In this tutorial we’ll show you how to transcribe audio files to text using OpenAI’s whisper model and a function written in Python. We’ll start off with GPU acceleration using an NVIDIA GPU and OpenFaaS installed on a K3s cluster. But we’ll also be showing you how you can run the same code using a CPU, which is more commonly available.

Why is audio transcription useful?

Common use-cases for transcribing audio could be a bot that summarises customer complaints during a Zoom call, collects negative product feedback from reviews on YouTube, or that generates a set of timestamps for YouTube videos, which are later attached via API. You could even take traditional voice or VoIP recordings from a customer service center, and transcribe each one to look for training issues or high performing telephone agents. If you listen to podcasts on a regular basis and have ever read the show notes, they could have been generated by a transcription model.
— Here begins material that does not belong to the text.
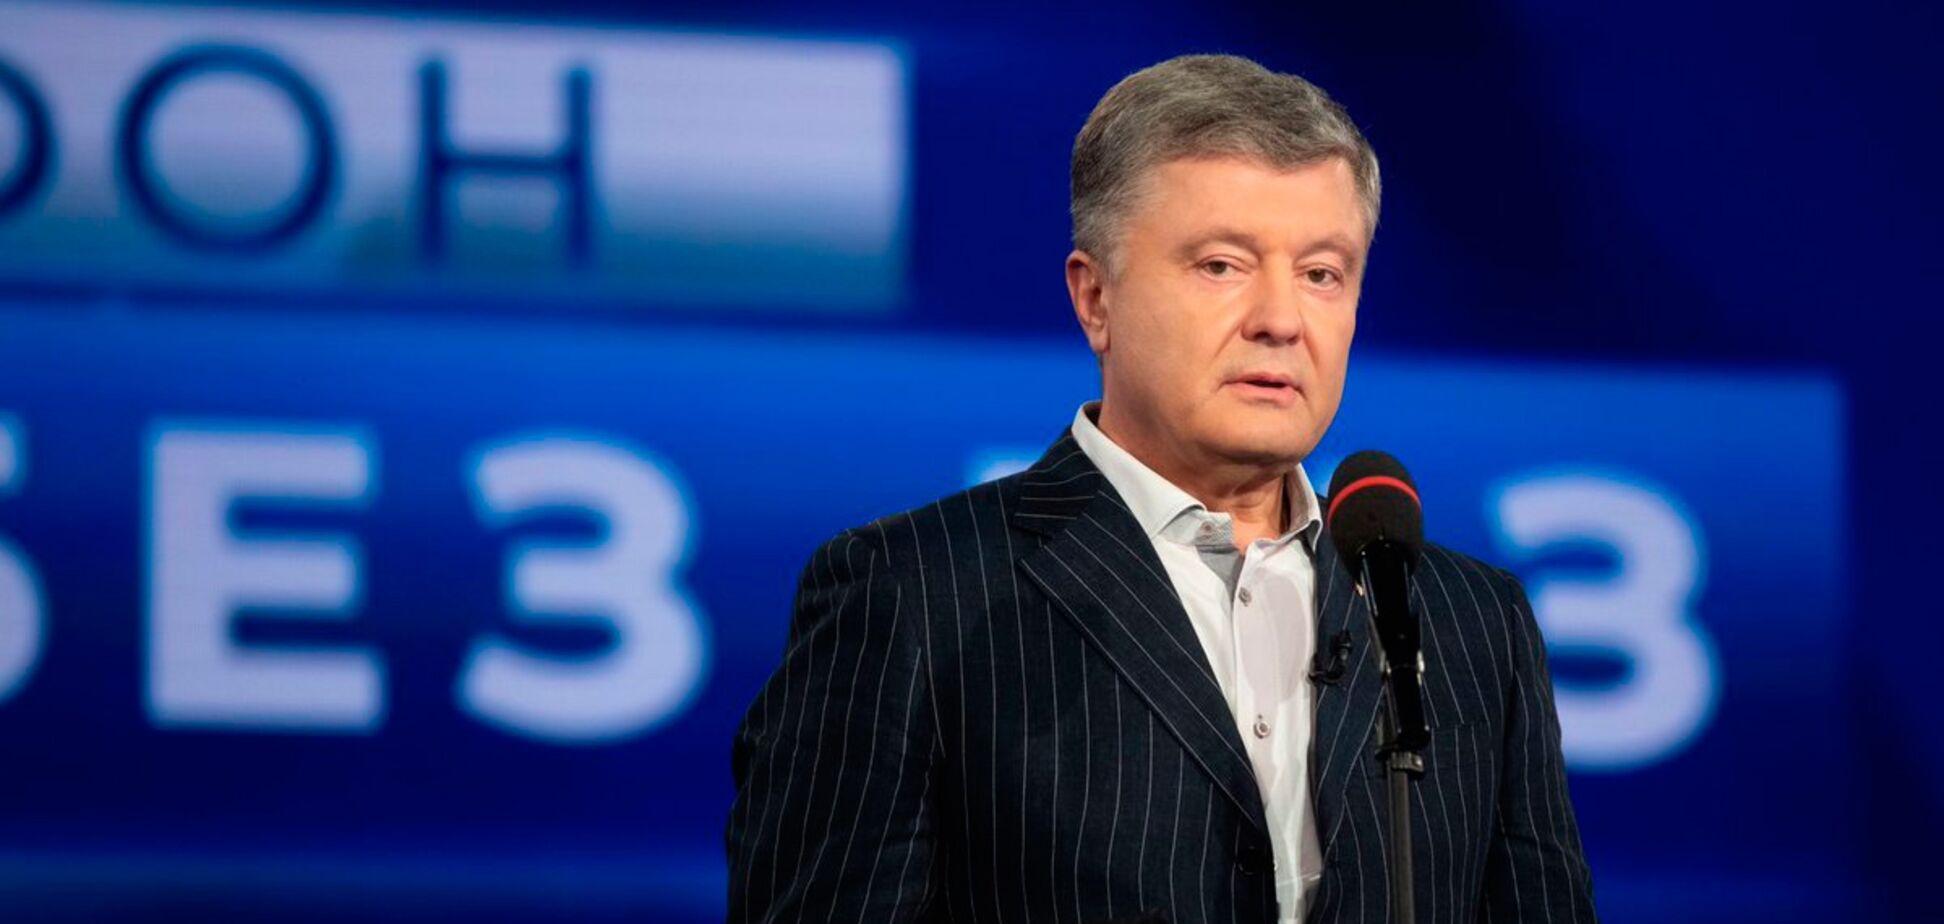 Намерение арестовать Порошенко - позор для Зеленского, - Аслунд

GPU is generally faster than CPU, but CPU can also be very effective if you are able to batch up requests via the OpenFaaS Asynchronous invocations system, and collect the results later on. To collect results from async invocations, you can supply a callback URL to the initial request, or have the function store its result in S3. We have some tutorials in the conclusion that show this approach for other use-cases like PDF generation.

Here’s what we’ll cover:

  • Prepare a K3s cluster with Nvidia GPU support
  • Install OpenFaaS with a GPU Profile
  • Create a Python function to run OpenAI Whisper
  • Make sure the function has a long enough timeout
  • Limit concurrent requests to the function to prevent overloading
  • Run the function with CPU inference, without a GPU.
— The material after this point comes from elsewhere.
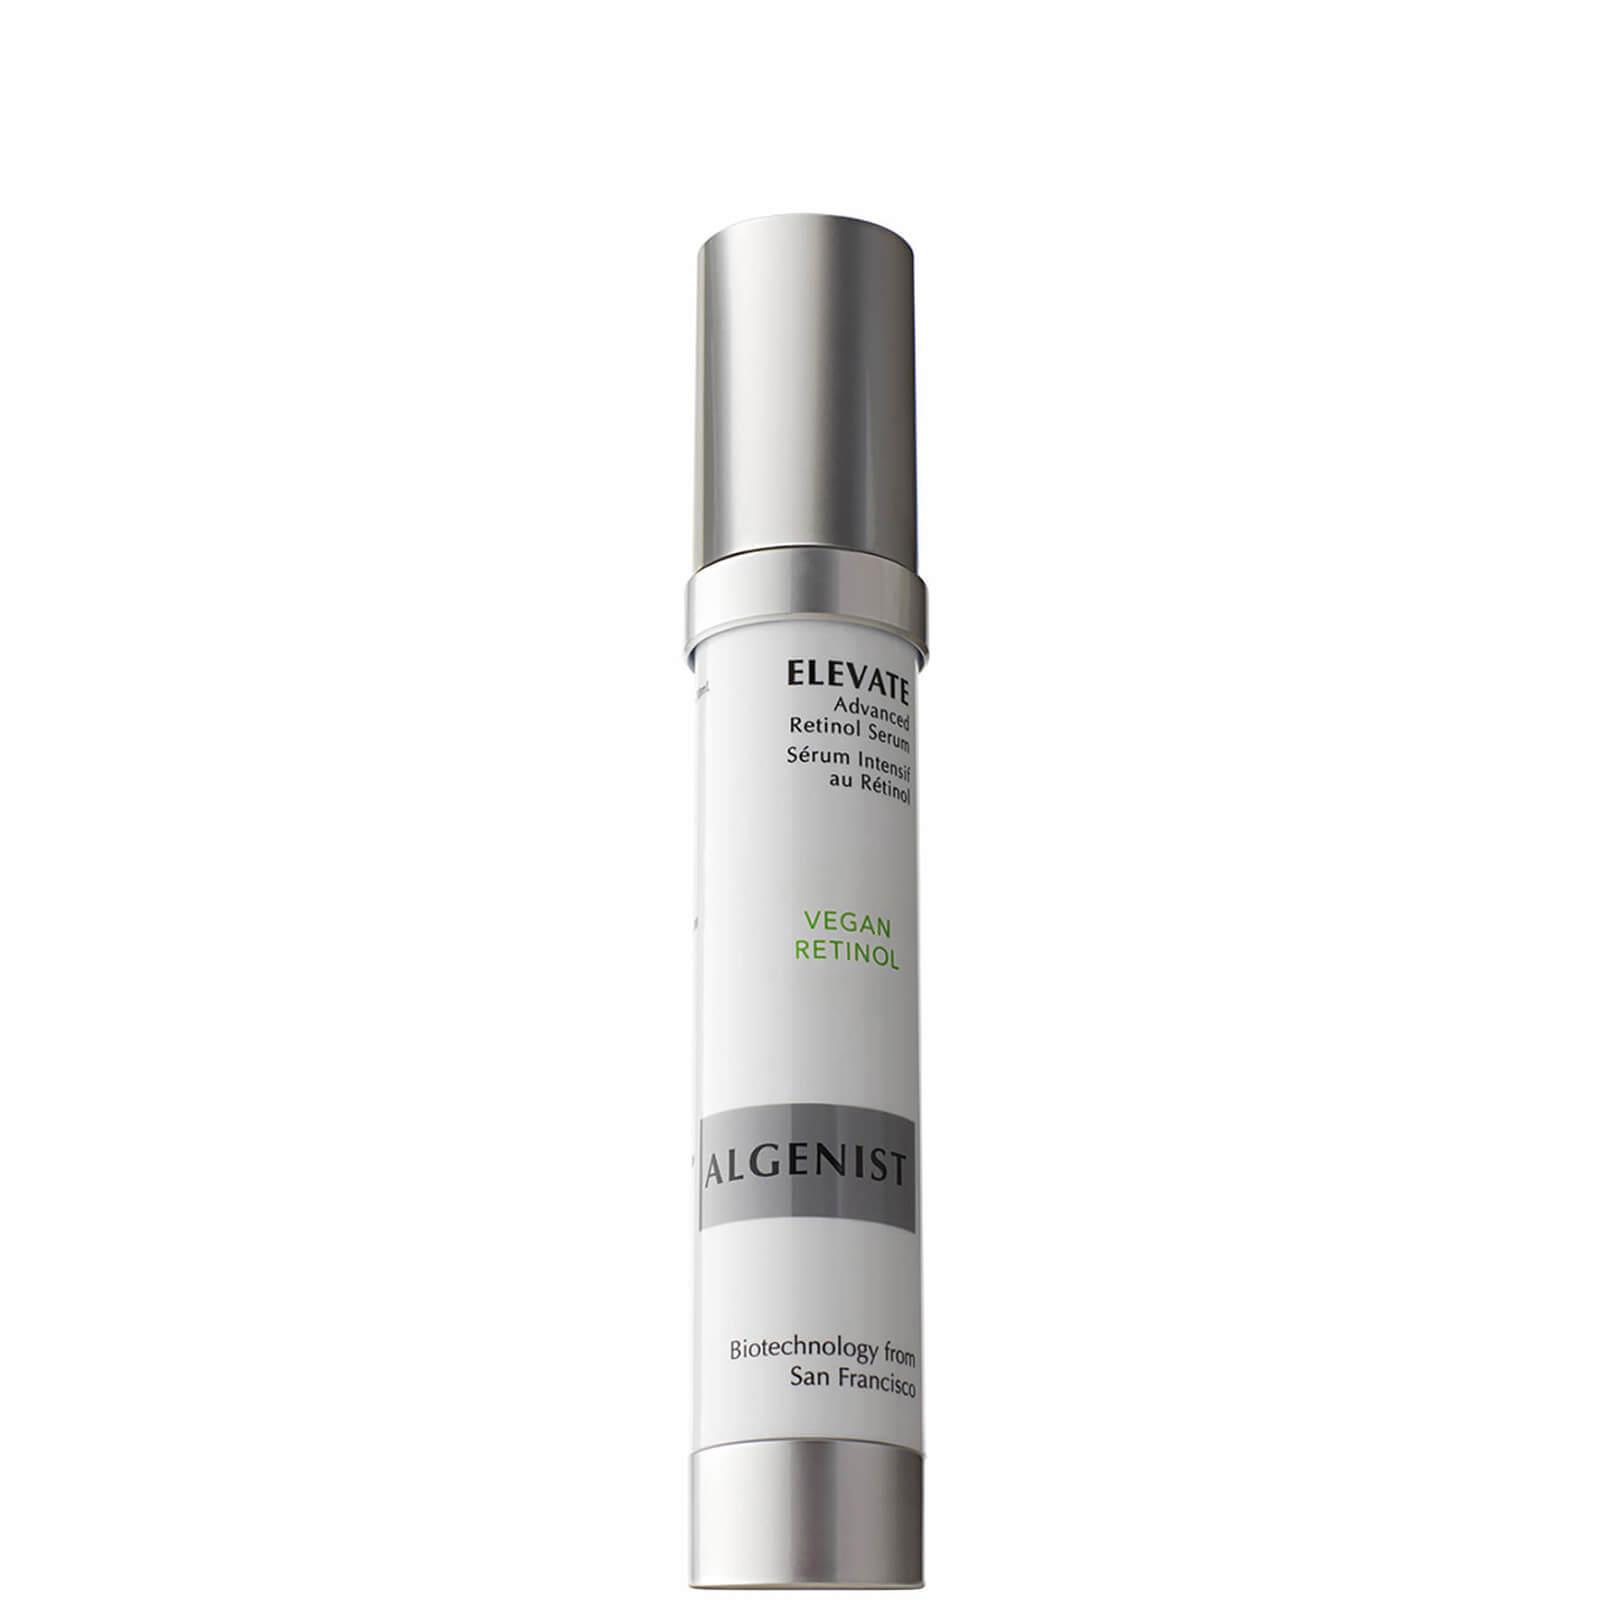 ALGENIST ELEVATE siero avanzato al retinolo 30 ml

Prepare a k3s with NVIDIA container runtime support

Kubernetes has support for managing GPUs across different nodes using device plugins. The setup in your cluster will depend on your platform and GPU vendor. We will be setting up a k3s cluster with NVIDIA container runtime support.

k3sup is a light-weight CLI utility that lets you quickly setup a k3s on any local or remote VM. If you already have a k3s cluster you can also use k3sup to join an additional agent to your cluster.
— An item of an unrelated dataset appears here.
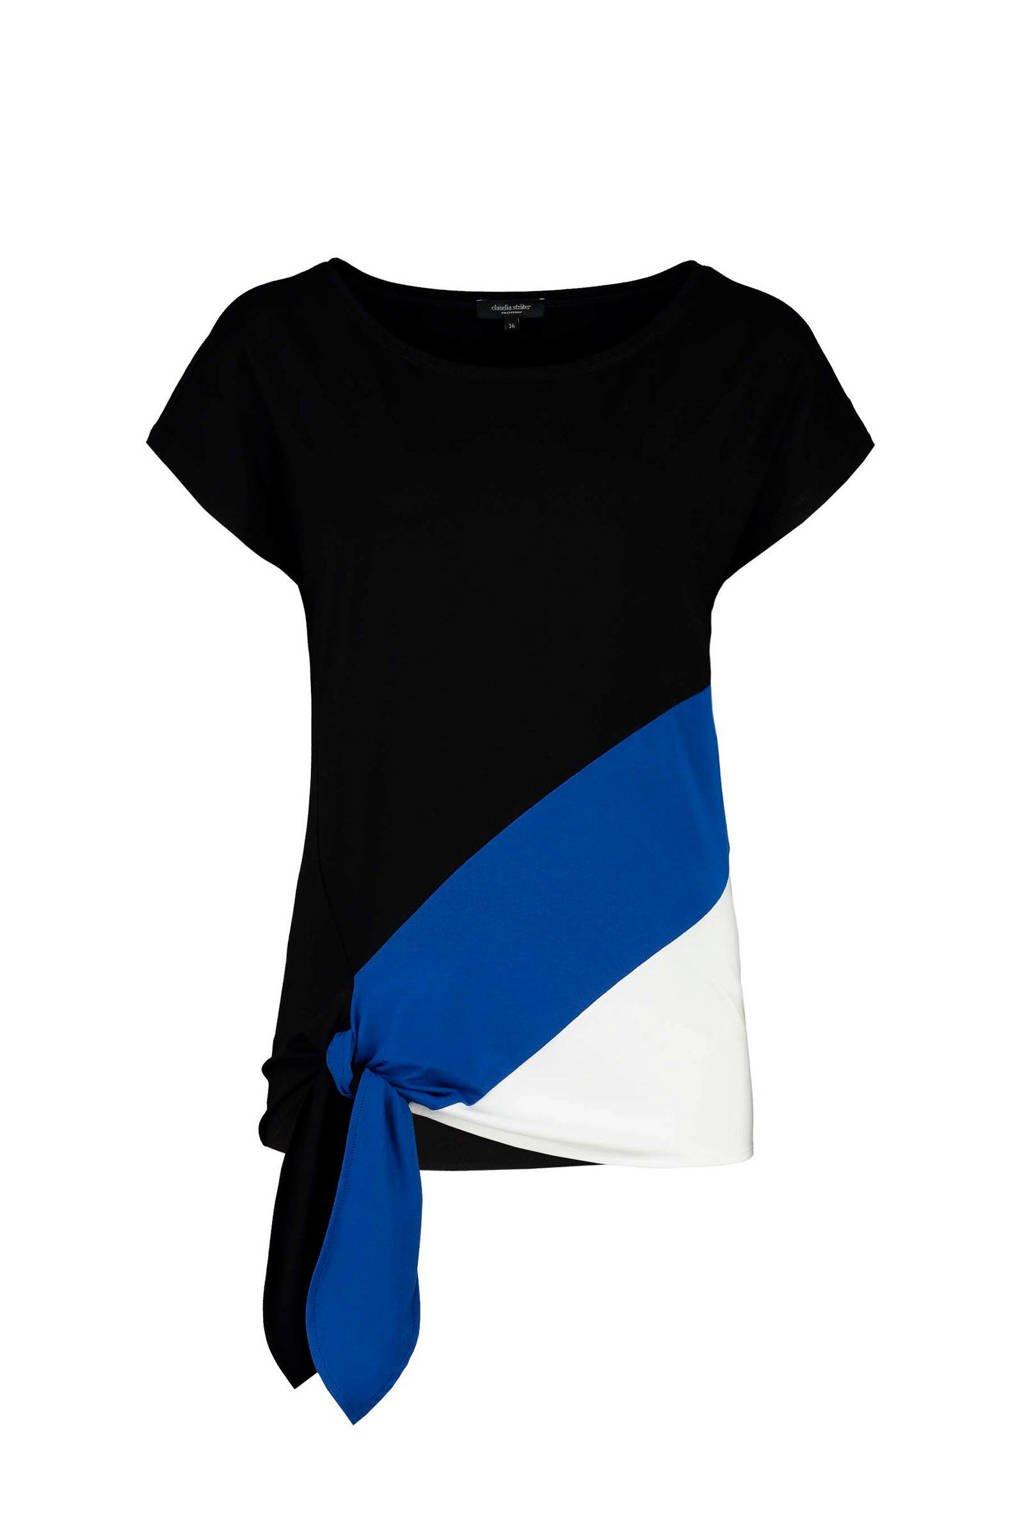 Claudia Sträter T-shirt zwart/blauw/wit, Zwart/blauw/wit

You can use our article on how to setup a production-ready Kubernetes cluster with k3s on Akamai cloud computing as an additional reference.

I would suggest setting up a cluster first and once that is done SSH into any agent or server with a GPU to prepare the host OS by installing the Nvidia drivers and container runtime package.

  1. Install the Nvidia drivers, for example: apt install -y cuda-drivers-fabricmanager-515 nvidia-headless-515-server

    This example uses driver version 515 but you should select the appropriate driver version for your hardware.

    Make sure the GPU is detected on the system by running the nvidia-smi command.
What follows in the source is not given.